FB Speech Synthesis anyone ?

Post by TESLACOIL »

FB Speech Synthesis anyone ?

The Problem !

Messing about with SAPI voices is both limited uninspiring and the results are pretty ropey. Lack of expressive control a key flaw.
Im interested in creating a 'highly fit for purpose artificial voice' , one where you have direct access to a 101 emotional presets.


Code: Select all

 

SPK # "Say this" ; 52 ' like you really mean it
SPK# "Sapi sucks, sooooh baaahd ! " ; 77#12 'sarcastic and contemptuous

SPK# "This problem is not going away anytime soon, us coders HAVE to solve this sooner or later" ; 61 ' grumpy

SPK# " Somewhere over the rainbow ", 101 ' sing it like an angel
[/code]

Something like that anyway, you get my drift.

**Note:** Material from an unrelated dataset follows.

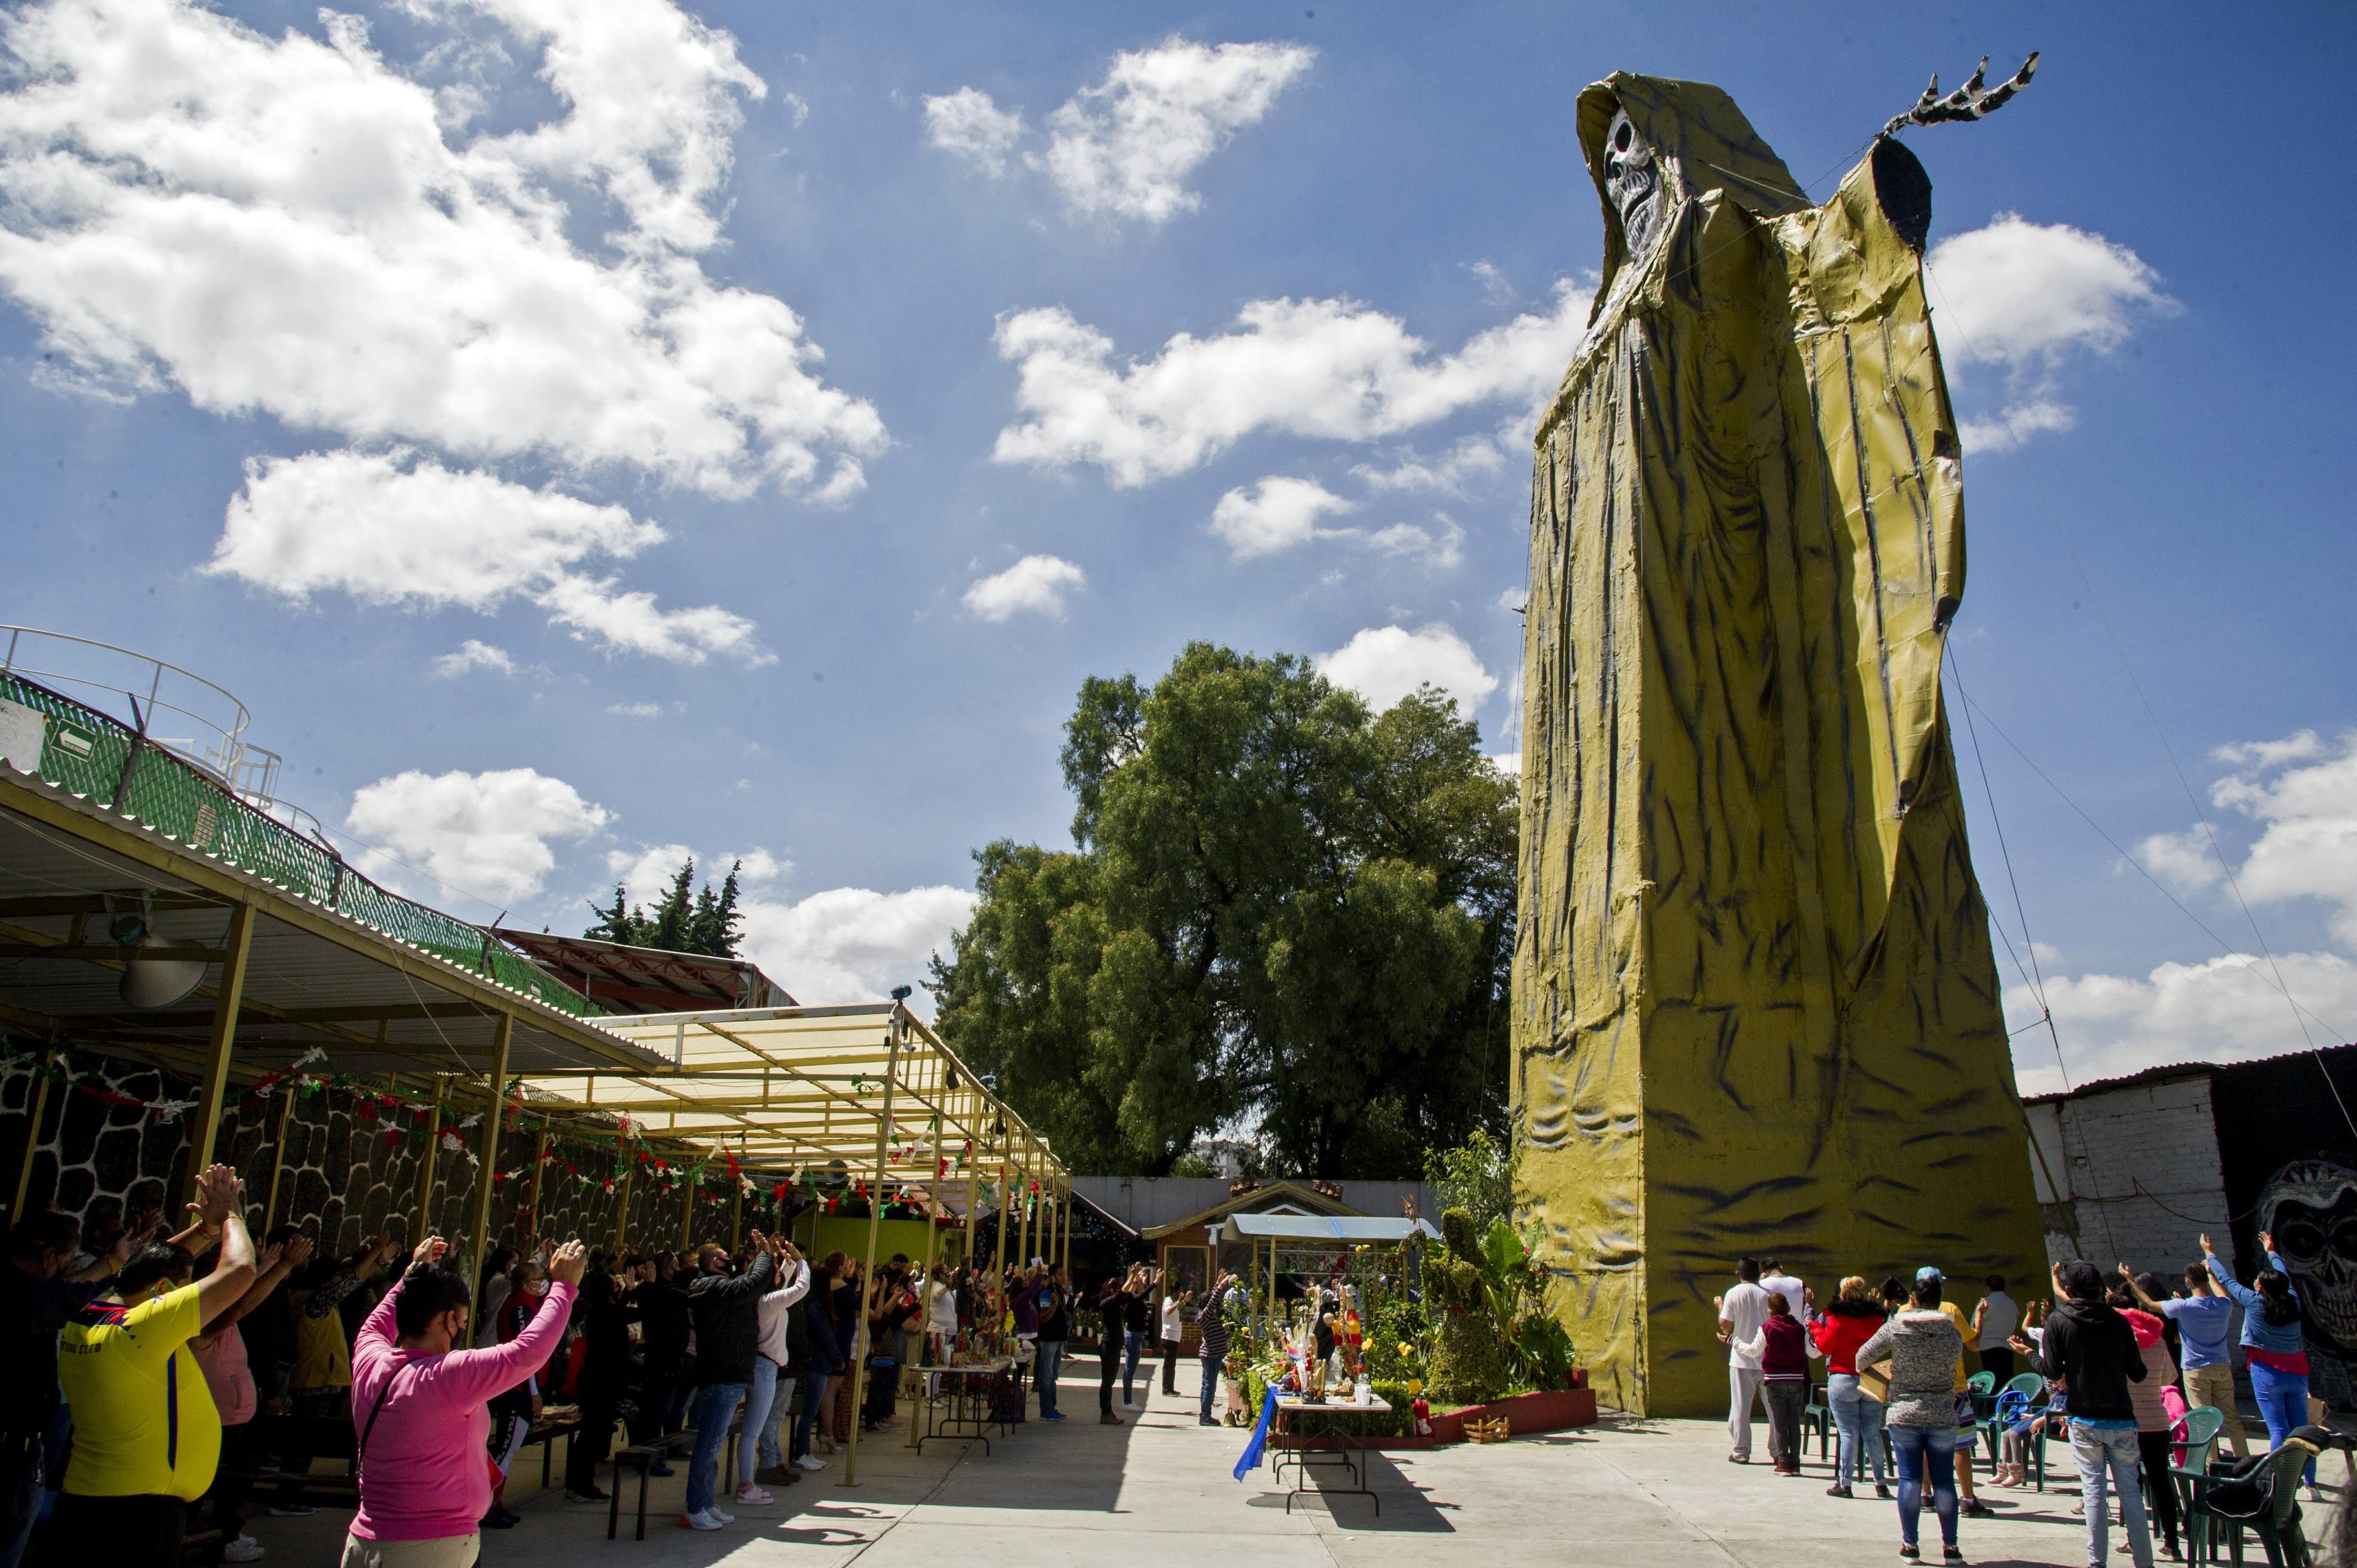 Los devotos levantan los brazos junto a una figura de la Santa Muerte de 22 metros de altura durante una ceremonia en el Santuario Internacional de la Santa Muerte en el municipio de Tultitlán, Estado de México, México, el 4 de octubre de 2020

The solution There are two main approaches.

1) Build a truly extensive voice bank , read 500gigs of wav's, useing a real human voice as source but its not exactly portable or downloadable.

2) Think al'a Moog Synthesizer and attack it digitally using well known techniques used in music synthesizers



Now I need to solve this problem and solve it well, solve it much better than the current cruddy crop of voice-ware that currently exists. Im sat here with $10,000+ of analog and digital recording studio and a cast iron will so i can go either way.

Right now im leaning towards the wav voice bank for coding simplicity BUT ULTIMATELY we all know this needs to be solved digitally.

So if anyone in the FB community wants to have a SERIOUS pop at speech synthesis, as in build some highly usable end user software that's dead easy to integrate with your code then let me know. Now my code skills are a tad cruddy but i have a great deal of experience and equipment ref sound recording and processing plus a huge amount of determination to solve this problem one way or the other.

This isn't a trivial problem, NOR is it that hard either. It is attack-able by a determined team of 2,3 or 4 people.


If your up for a challenge and into producing some truly worthwhile code then let me know.
TESLACOIL
Posts: 1769
Joined: Jun 20, 2010 16:04
Location: UK
Contact:

Re: FB Speech Synthesis anyone ?

Post by TESLACOIL »

Voice tech is now what id call borderline useful. The voice in the video is far from perfect but its just about bearable to listen to. As is typical with current approaches as soon as you ask the voice to say something outside it main voice bank the quality plummets.

50 Google Now Voice Commands
http://www.youtube.com/watch?v=2vT0AWDq3DE

some new ideas are hear by needed
lassar
Posts: 306
Joined: Jan 17, 2006 1:35

Re: FB Speech Synthesis anyone ?

Post by lassar »

I agree,that these modern day voice Synthesizers are barking up the wrong tree.

For a truly good voice, you need to simulate the Vocal Tract.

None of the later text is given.